How does the introduction of the Community Infrastructure Levy (CIL) affect the work that you do?
At the moment we have to cover both angles. Relatively few local authorities have yet adopted CIL, but we need to assume that they might do so in the life of a proposed development. As the regulations have changed from time to time, we have had to track and adapt to the changes. I have presented at a number of seminars on CIL and expect to be doing so for some time yet!
Does it really need a specialist planning lawyer to deal with a Section 106 Agreement?
It is always desirable – but then I would say that, wouldn’t I? In fairness, a straightforward agreement (just dealing with the payment of lump sum contributions perhaps) may not need a specialist planning lawyer, provided that the developer is sure that the obligations are in line with policy. As with any walk of life, planning lawyers become more expert and experienced over the years. There are times when we have been able to save large amounts of money or solve problems for clients that have got them on site much more quickly, because we have been able to put that experience to good use. We also work so regularly with many local authorities that we can deal quickly with issues that arise.
What about the framing of conditions?
One point that is often overlooked is the interaction between the conditions in a grant of planning permission and the terms of any Section 106 Agreement. They really need to fit together in a consistent and coherent manner. Often a lot of time can be spent in dealing with the Section 106 Agreement, for an entirely contrary set of planning conditions then to be issued, leaving everyone confused! Part of our role is to look at the proposed conditions and ensure that they work with the planning agreement.

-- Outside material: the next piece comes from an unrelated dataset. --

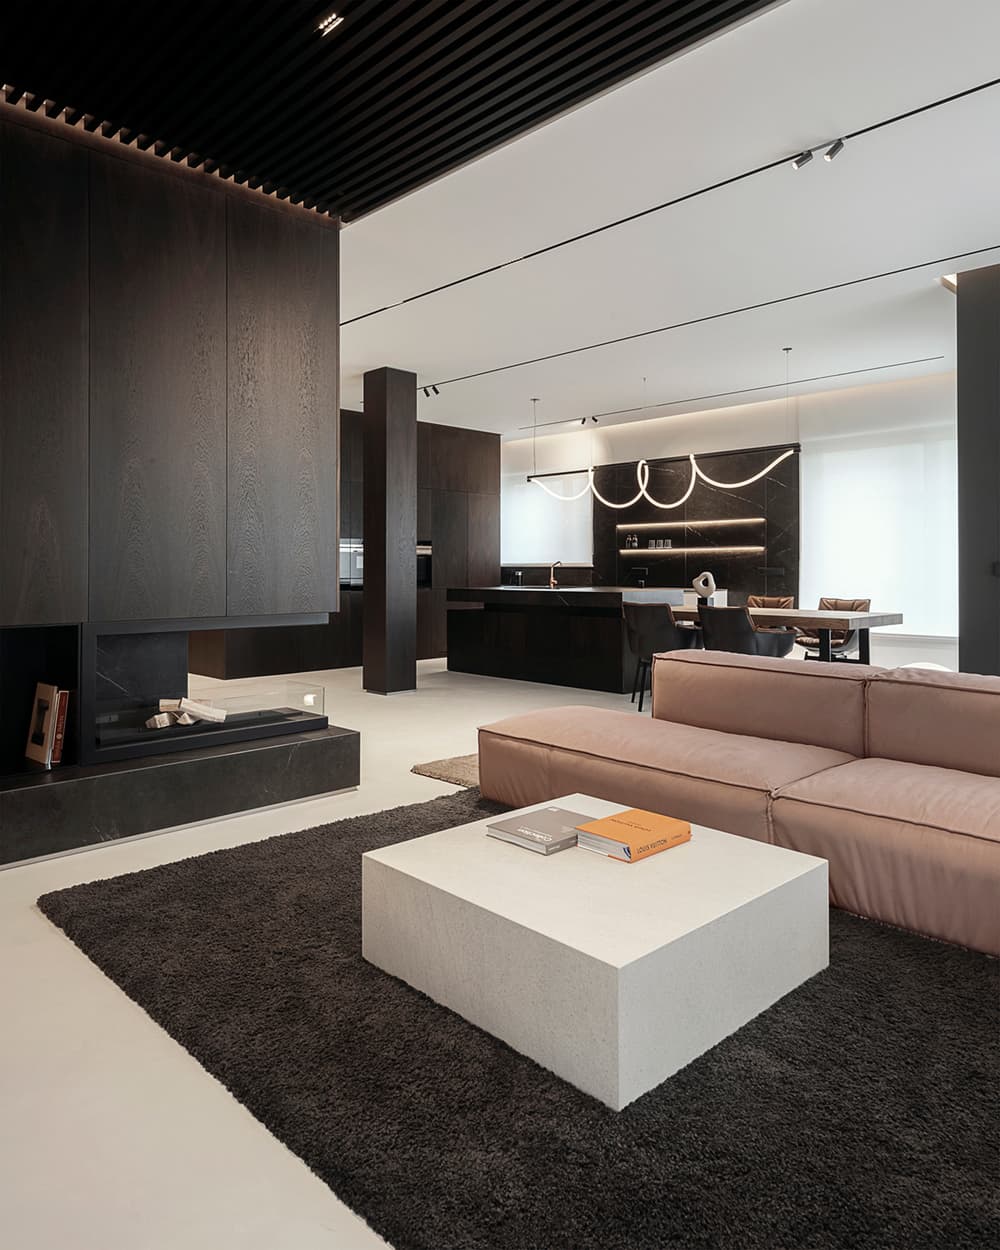 Apartment in Warsaw by hilight.design

Do you handle many appeals or judicial challenges?
Over the years, I have done lots of each. The rules have changed lately, reducing the time within which a judicial challenge/review can be made. It will be interesting to see if that simply focuses the mind or leads to fewer challenges.
Appeals will also be necessary, but as I have said much can be done in the early stages of the process to minimise the risk of an appeal or judicial review. On big schemes in particular we will often help the developer and the planning consultants to ensure that the process is followed, to make the decision as challenge-proof as possible.